The Crable Site is an archaeological site located on the Norman Crable farm in Fulton County, Illinois, near the Illinois River and Anderson Lake.  

Indigenous peoples occupied the site during the Middle Mississippian period,  about 900-1450 AD, with the earliest shells dating to about 800 AD and charcoal fragments dating to about 1420 AD.  The Crable Site can be referred to as a "Southern Cult" site because it was occupied during the Mississippian period and is characterized by artifacts and iconography that followed the adoption of maize as a main food source and chiefdom social stratification. The site has been observed and excavated multiple times, with the earliest known publication of the site's existence written in 1879. Edgar McDonald and his father excavated the site in the early 1930s, followed by the University of Chicago, and Dan Morse, who excavated and researched the site in the 1950s.

Geographical setting 
The site is located on a series of bluffs and ridges a few hundred feet from a spring, which most likely provided an abundant drinking water source for the people of the Crable Site. Dozens of mounds contribute to the “mound field,” the largest of these being about 12 feet high and 60 feet in diameter. The site has an area of about 100 acres with most of the artifacts found in an area less than 25 acres, located near the mound field.

Excavations and finds 

Four cemeteries have been discovered at this site, the largest estimated to have over 200 bodies. Most of the graves feature extended burial, in which the body lies flat in an extended position, and some also feature double burial, in which two bodies are buried at the same grave site. A large proportion of children buried at these cemeteries indicates a high infant mortality rate. The burial sites are heterogeneous, meaning that there was no clear pattern or uniformity in the orientation the bodies were buried or what they were buried with. 

Some bodies were buried with copper beads and ornaments, others with engraved shell pendants, both of which are characteristic of Southern Cult societies from this period. The shells found in this area are clam shells and turtle shells, most likely coming from the nearby lake and river.

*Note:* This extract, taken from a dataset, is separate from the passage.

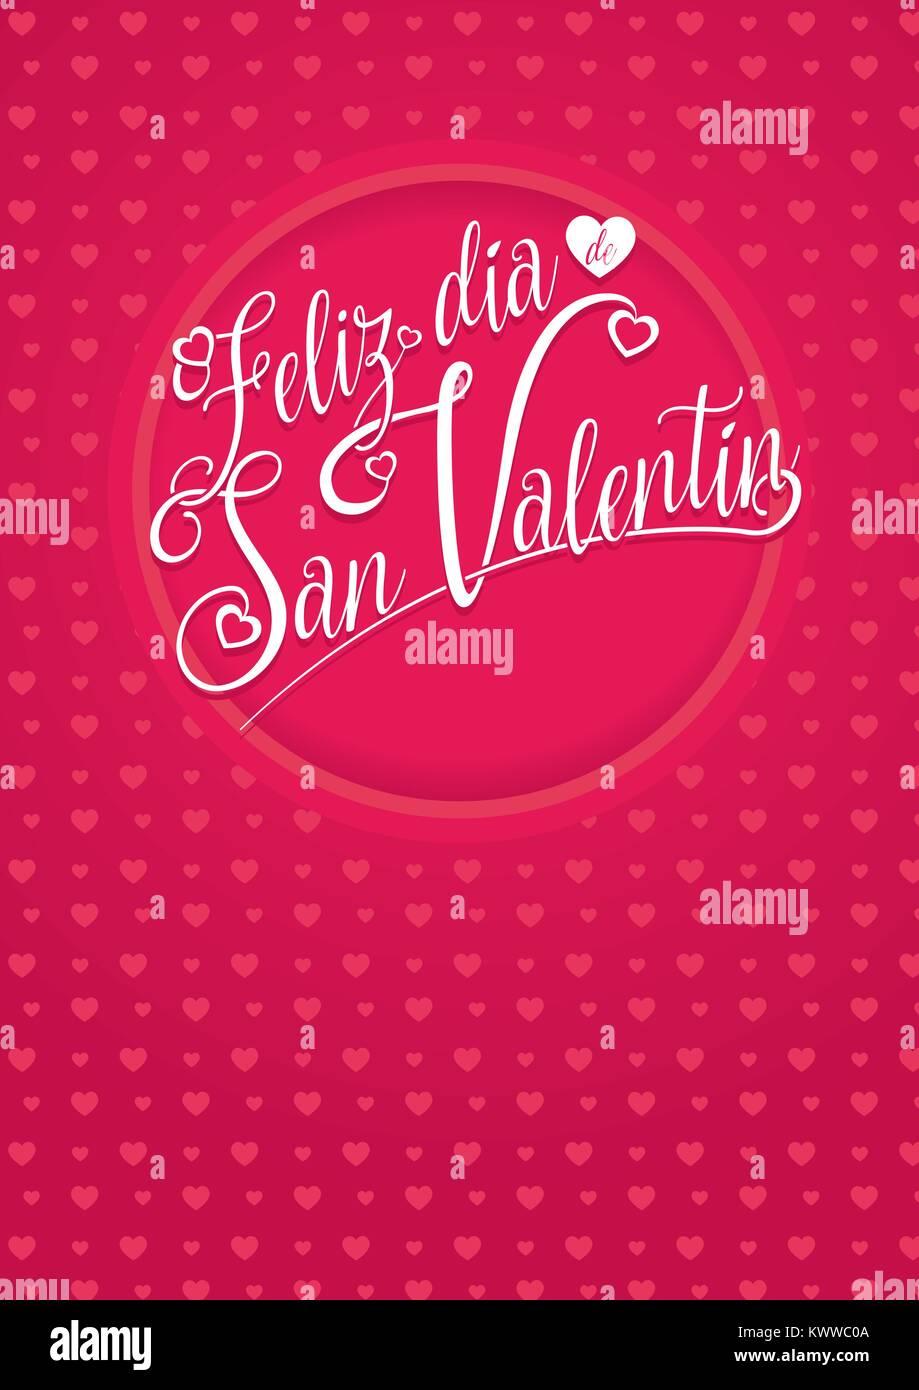 Feliz Dia De San Valentin Happy Valentines Day In Spanish

By digging a trench into the center of the largest mound, McDonald found refuse pits that contained effigy appendages, bone hair ornaments, engraved vessels and bottles, fire basin fragments, and antler bones. There were also two hut structures and altars found within the mound, and this combined with the placement of the burial sites surrounding the mound indicates that it was a temple mound. 

Potsherds and flint tools were also very common in this area; the engravings of square crosses and suns on the fragments of pottery are very similar to designs across the broader Mississippian region, and the flint tools were spears and knives that sometimes had notches.